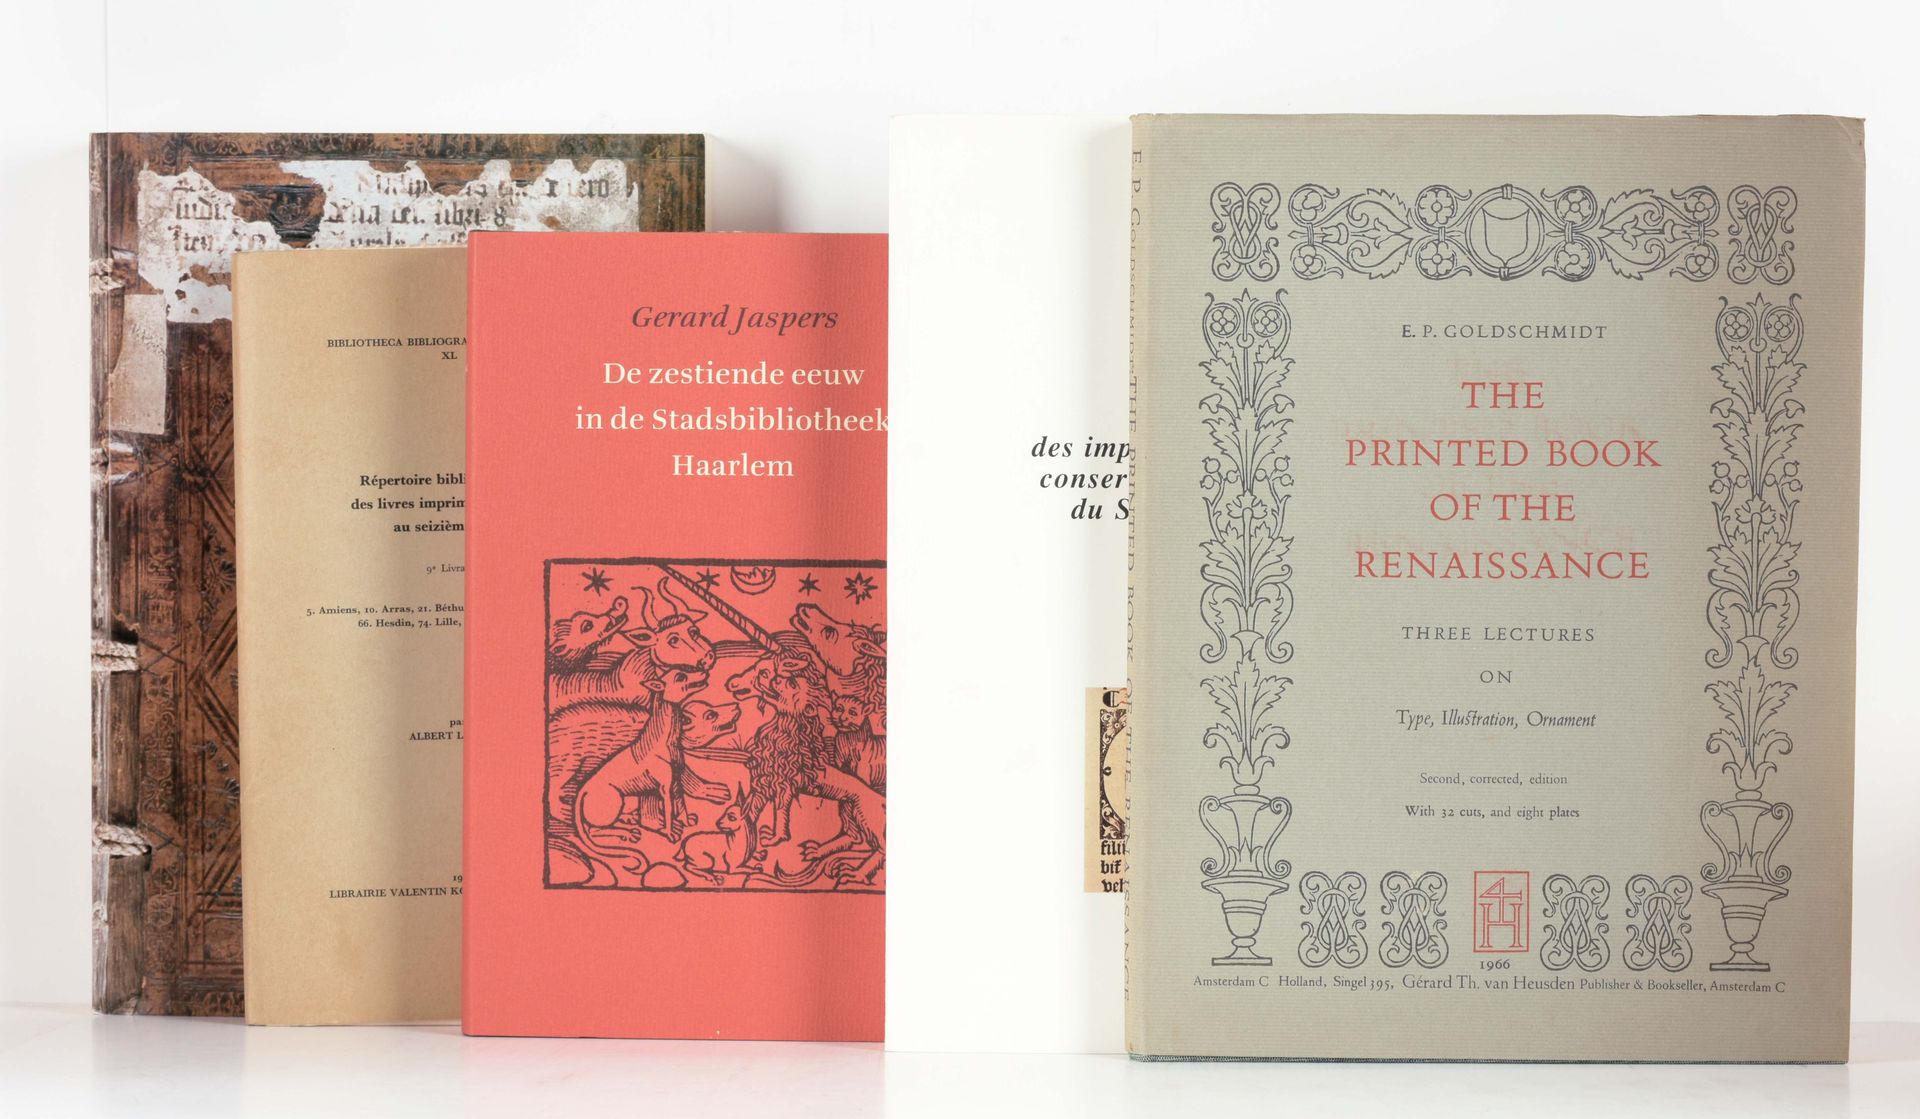 GOLDSCHMIDT, E.P. El libro impreso del Renacimiento, tres conferencias sobre el &hellip;
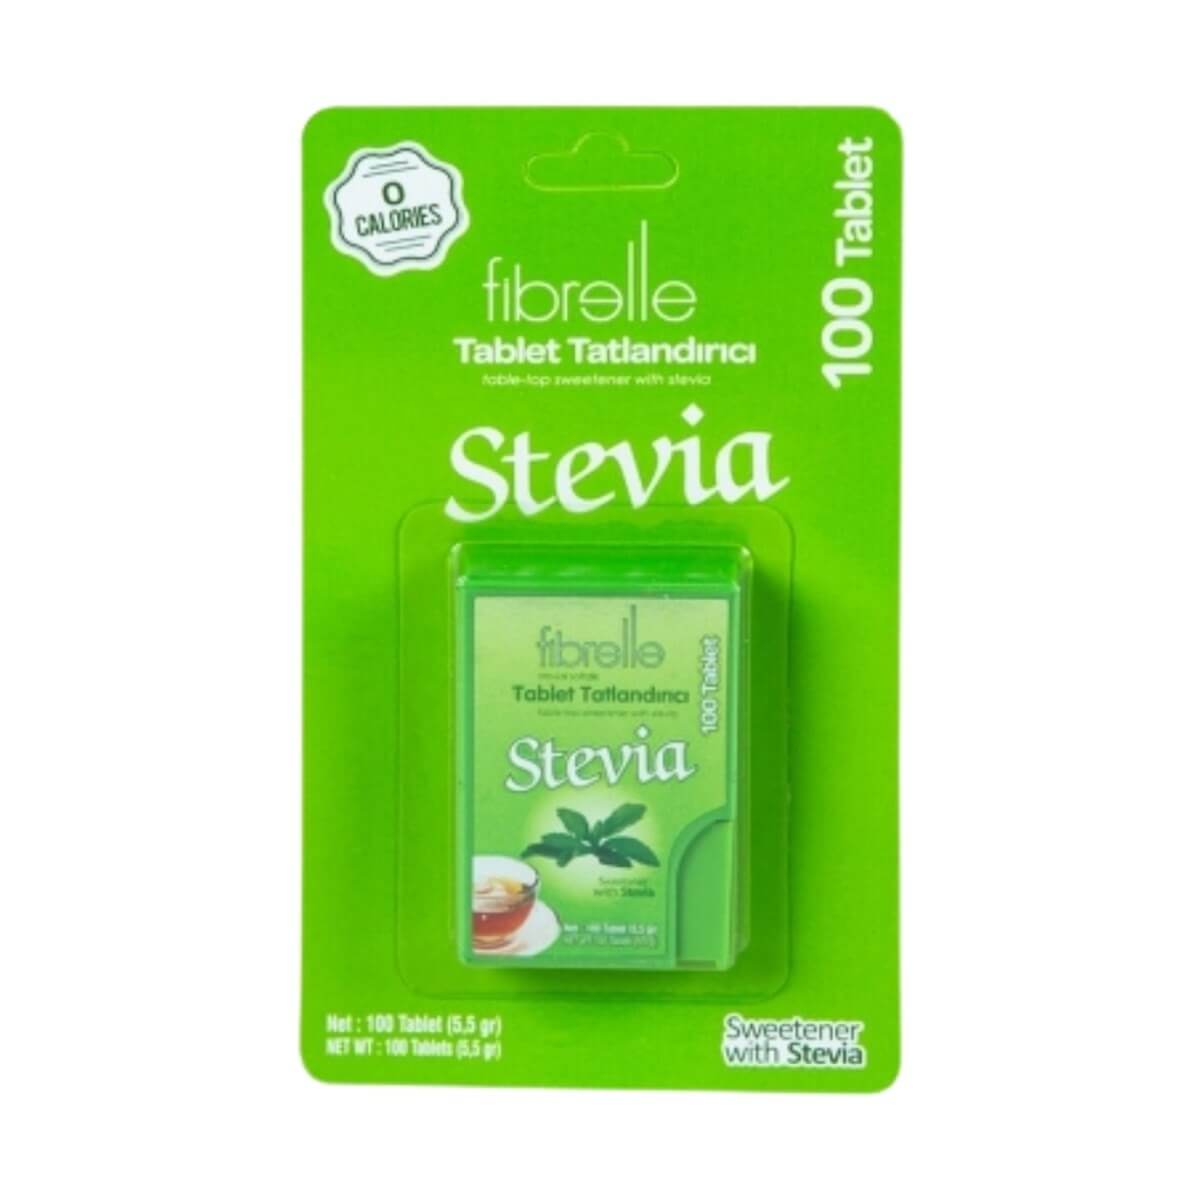 Fibrelle Stevia Tablet Tatlandırıcı 100 Tablet
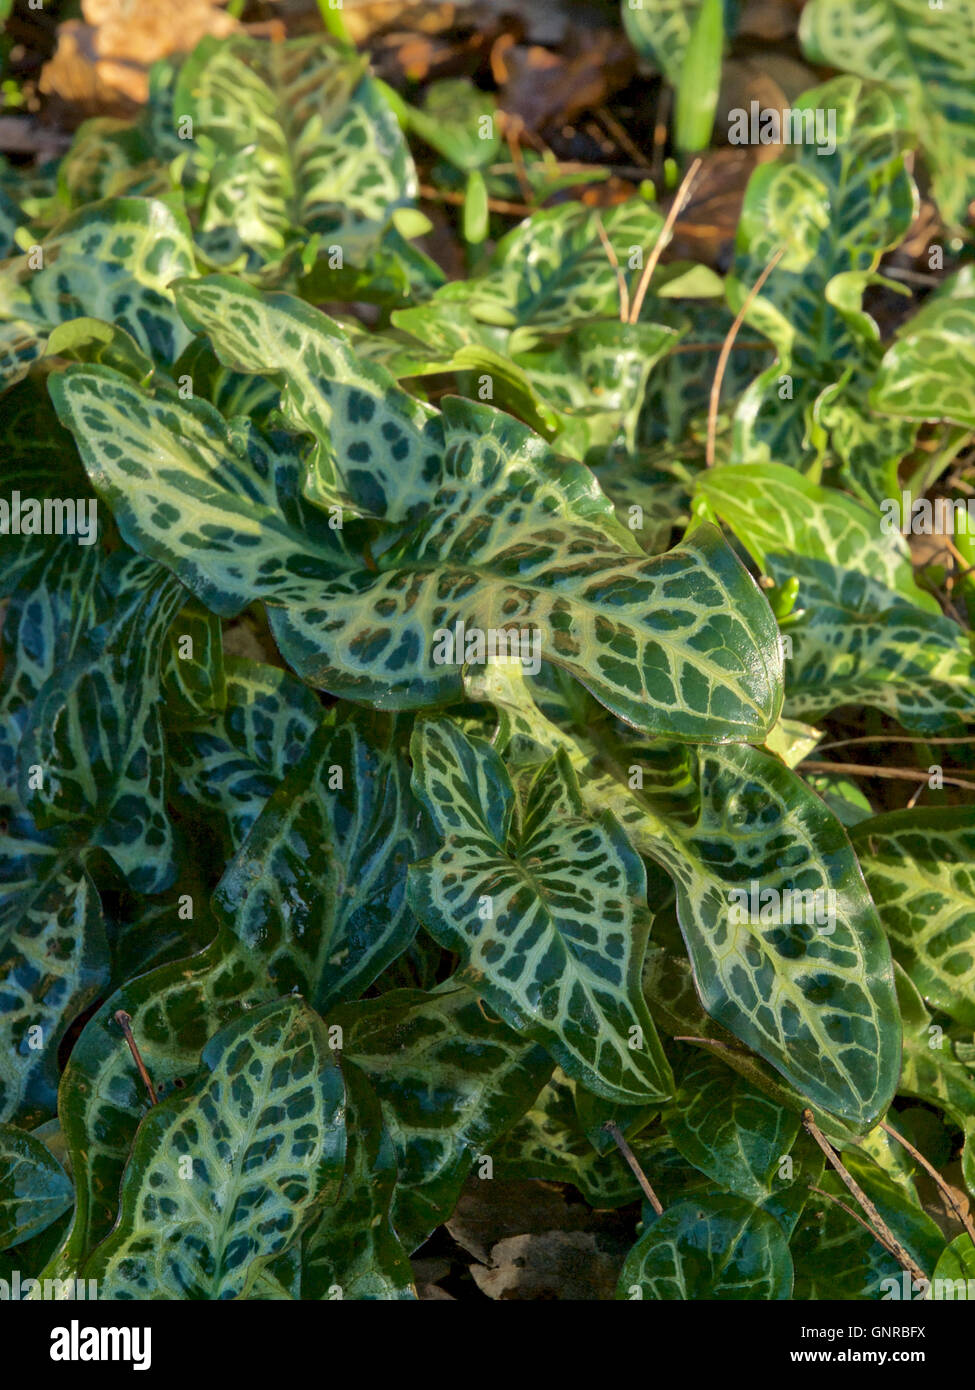 Early Spring leaves of Arum italicum subs. italicum Marmoratum Stock Photo

● DIRECTIONS FOR THIS TASK
Output the full listing above exactly, excluding all pictures.

● SOLUTION TO THE EXERCISE
 GOLDSCHMIDT, E.P. El libro impreso del Renacimiento, tres conferencias sobre el &hellip;
 Fibrelle Stevia Tablet Tatlandırıcı 100 Tablet
 Early Spring leaves of Arum italicum subs. italicum Marmoratum Stock Photo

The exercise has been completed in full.